Und jetzt also tobten sie weiter, fanden nicht den Schalter zum Abschalten.
Ich sagte: „He, jetzt hört ihr auf zu toben!“, doch sie reagierten überhaupt nicht. Ich
sagte es ein zweites Mal, aber es war so, als wenn sie es nicht gehört hätten. Ich
brüllte lauter – doch da war keine Reaktion. Eltern kennen vielleicht diese Situation.
Irgendwann geht einem das Messer in der Tasche auf. Der Geduldsfaden war bei mir
schon eindeutig gerissen und ich reagierte mit einer typisch elterlichen Erpressung:
„Also, wenn ihr jetzt nicht aufhört, gibt es keine Gute-Nacht-Geschichte“ und weil sie
immer noch nicht aufhörten, sagte ich ihnen: „Jetzt ist Schluss – aus und vorbei – für
heute ist die Gute-Nacht-Geschichte gestorben.“ Dann war es auf einmal ruhig. Sie
ahnten, dass die Stunde geschlagen hatte. Dann begann das Betteln: „Ach, Papa,
wir sind jetzt ganz brav.“ – „Nein!“
Doch das Betteln ging weiter: „Wir haben das gar nicht richtig gehört und wir machen
das auch nicht mehr“ – „Nein!“
Doch irgendwie merkten die beiden doch, dass mein Herz schmolz, dass ich weich
wurde und irgendwann sagte einer von den beiden: „Hey, sei mal ganz leise, der tut
das doch noch.“ Und so kam es dann auch ...
Das hatte mich berührt. Meine Kinder kannten mein Herz. Sie wussten, es ist mein
Anliegen, sie zu lieben. Und sie kannten mein Herz.
Ich hatte dann über diese Geschichte am Abend noch nachgedacht und mir überlegt:
Wenn Gott doch ein viel besserer Vater ist, als ich es bin – und das ist er zweifelsohne – dann muss doch sein Herz mir gegenüber noch viel liebevoller, viel wärmer
sein, als ich es als Vater gegenüber meinen Kindern sein kann. Das hat mir geholfen,
dass mein Vertrauen zu Gott gewachsen ist. Das hilft mir zu glauben und zu vertrauen, dass ich wirklich so sehr von ihm geliebt bin, dass er, wäre ich der einzigste Sünder auf der Welt, auch nur für mich, für mich allein, gestorben wäre.

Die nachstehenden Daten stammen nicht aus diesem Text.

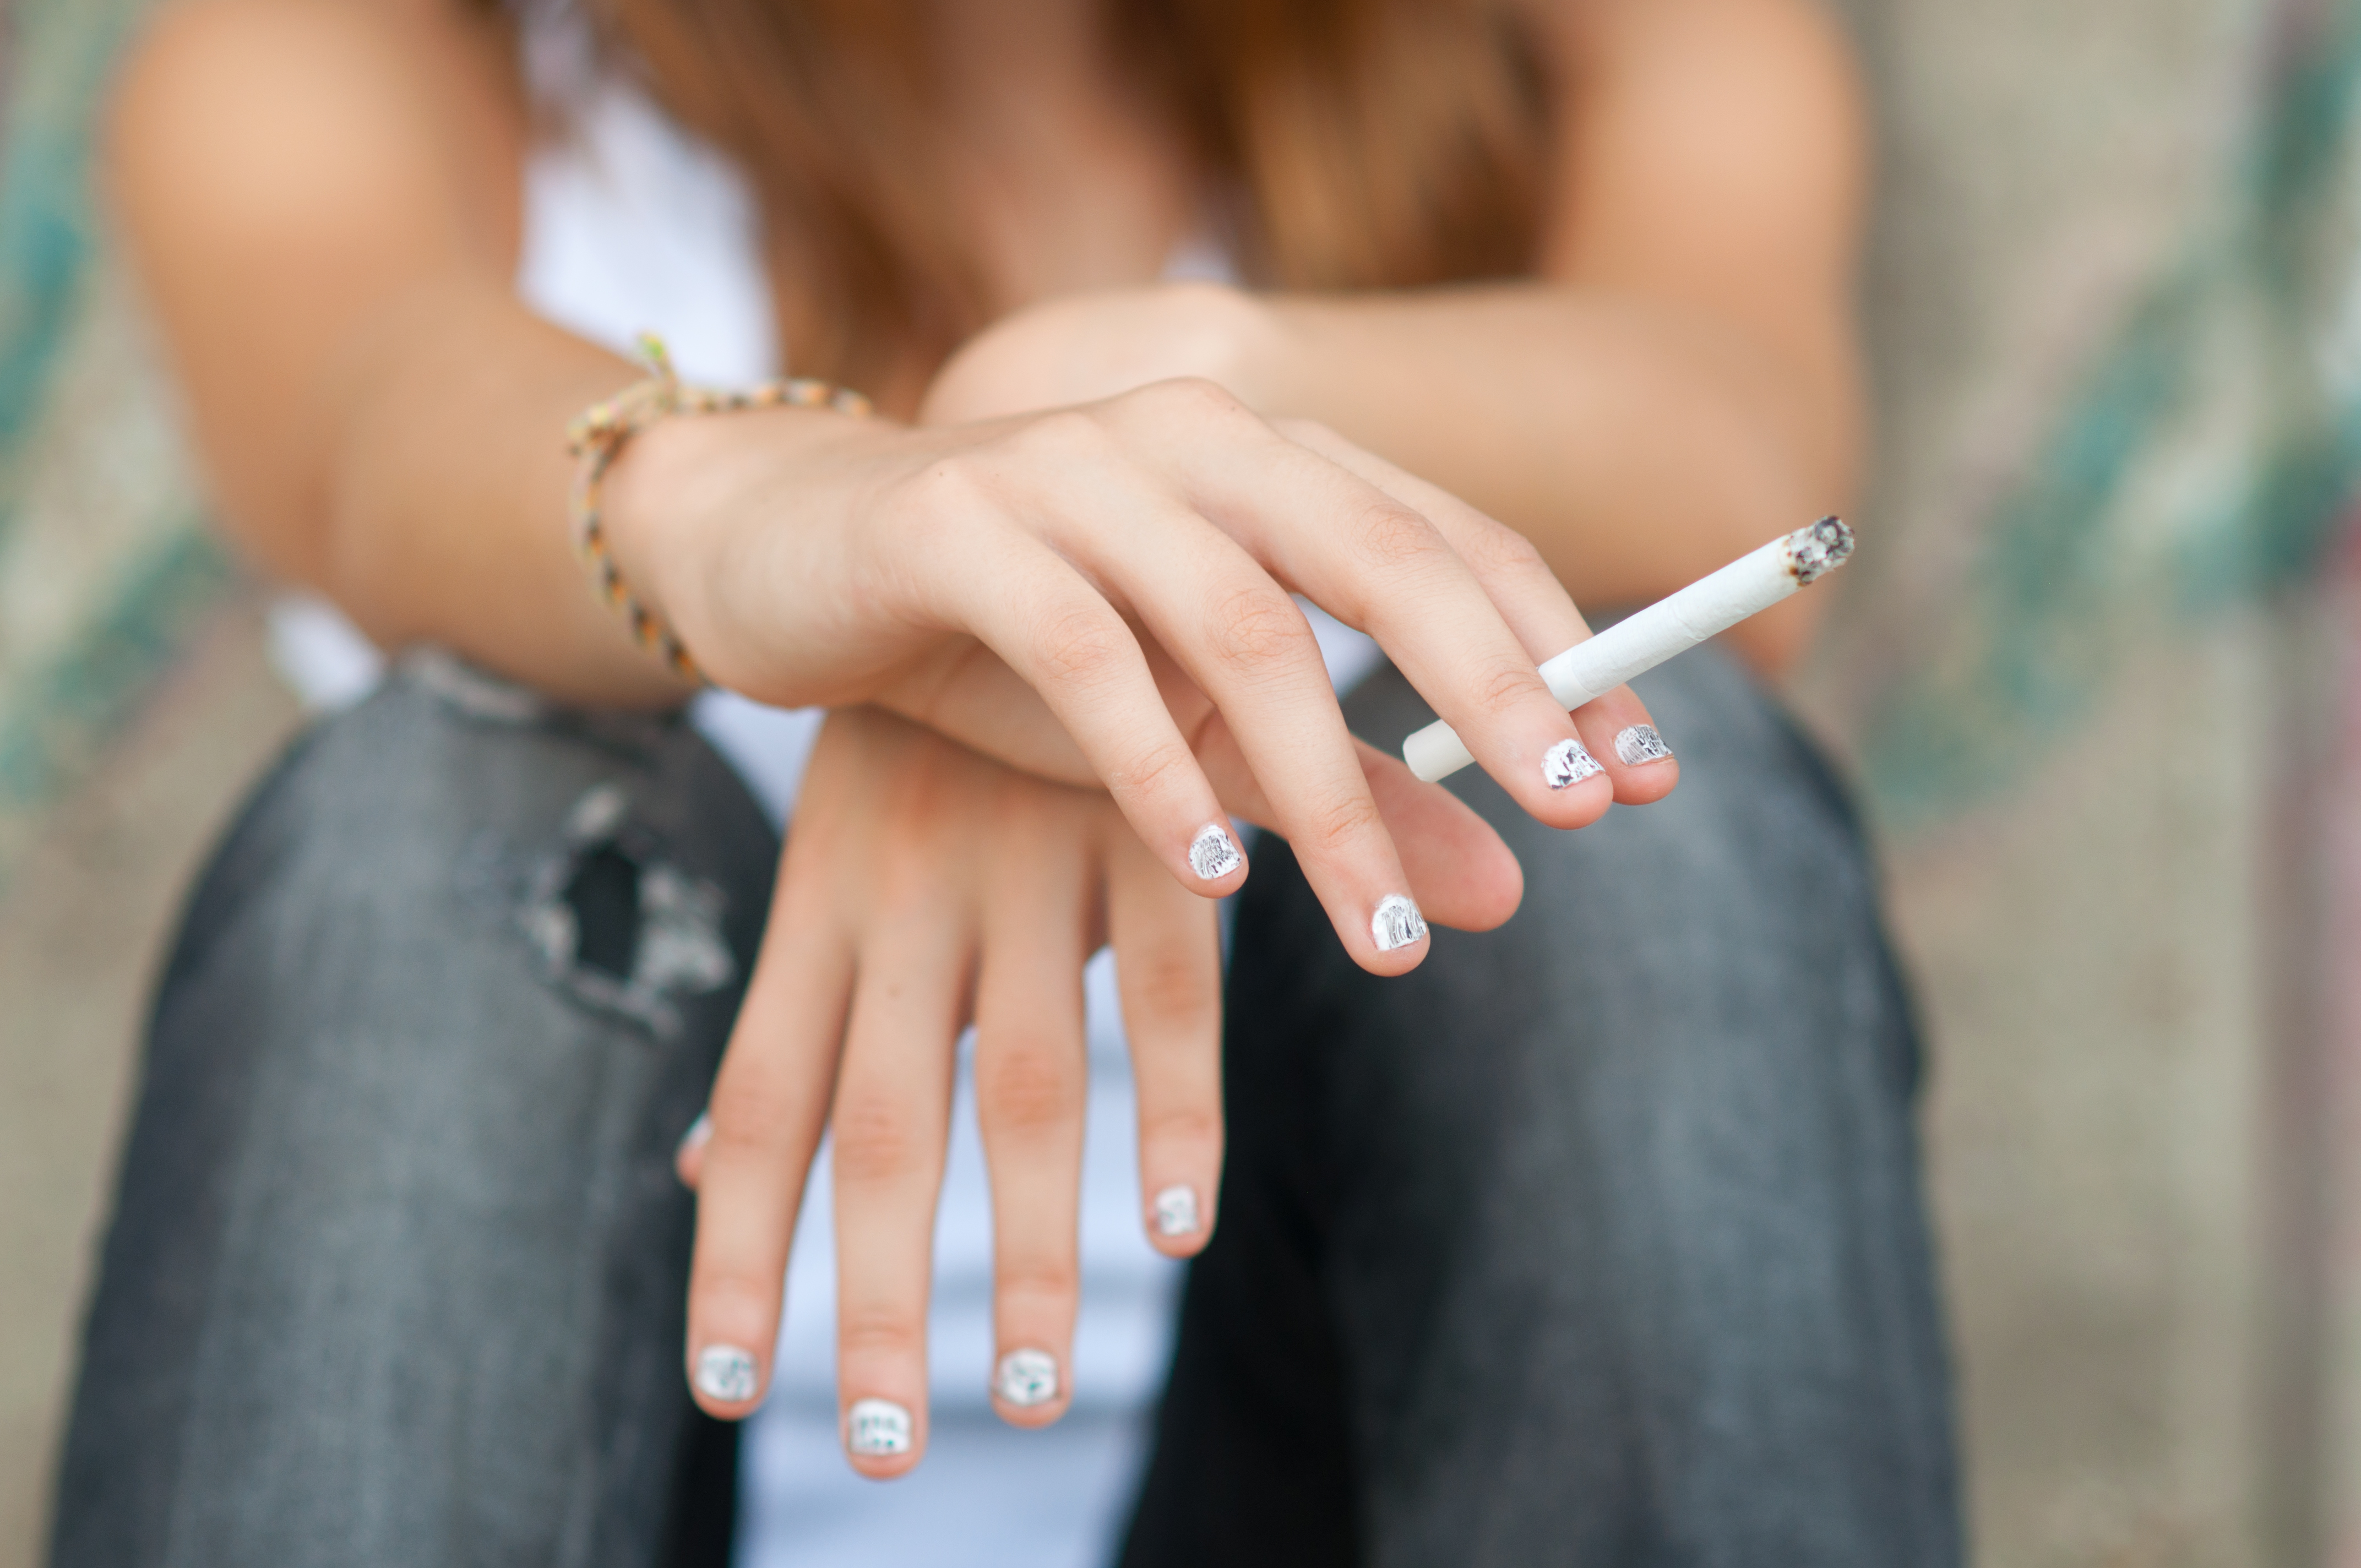 Segundo a OMS, mais de 8 milhões de pessoas morrem no mundo por causa do tabagismo, sendo que 1 milhão são fumantes passivos

Es gibt für mich ein Wort aus dem Lukasevangelium, über das ich schon oft nachgedacht habe und dessen Tiefe ich immer noch versuche auszuloten.
Lk. 11, 13
Wenn nun ihr, die ihr böse seid, euren Kindern gute Gaben geben könnt, wie viel mehr wird der
Vater im Himmel den heiligen Geist geben denen, die ihn bitten!
Andere Übersetzungen sagen: Um wie viel mehr wird der Vater im Himmel Gutes
geben denen, die ihn bitten.
Wenn wir den liebenden Vater immer mehr vertrauen, glaube ich, wird uns das in
eine immer größere Freiheit führen. Es lohnt sich, die Beziehung zu wagen. Es gibt
eine Mechanik der Freiheit. Manche leben mit Gott wie in einer müde gewordenen,
alten Vernunftehe: „Wohin soll ich denn gehen, Gott, ich hab ja nichts anderes, also
bleib ich bei dir, aber Liebe, Liebe ist das nicht mehr.“
Das hat mich auf einen Weg gebracht, auf dem ich immer noch unterwegs bin. Ein
Weg, auf dem ich es lernen möchte, meinem Gott immer besser zu vertrauen.
Gott verurteilt mich nicht. Ich brauche mich nicht zu verurteilen. Er ist ein Vater, dem
ich vertrauen kann.
Christen sind Menschen, die Gott immer mehr vertrauen / Uli Limpf / Seite -7-
Ich kann und will nicht sagen, dass mein Leben und mein Christsein ein Leben ist,
das permanent und kühnlich seinem Gott vertraut. Nein, auch heute kenne ich Phasen, wo mich Fragen plagen, wo ich neu darum ringen muss, meinem Gott zu vertrauen. Deshalb sage ich nicht: „Christen sind Menschen, die Gott vertrauen“, sondern „Christen sind Menschen, die Gott immer mehr vertrauen.“ Es ist ein Weg –
aber auf diesem Weg will ich unterwegs sein.
Vielleicht noch einige konkrete Fragen zum Schluss:
• In welchem Gebiet meines Lebens fällt es mir schwer, Gott zu vertrauen?
• Welche Hindernisse spüre ich auf meinem Weg zum Vertrauen (Misstrauen,
Angst, Bitterkeit ...)?
• Was könnte mir helfen, Gott als guten Vater zu sehen?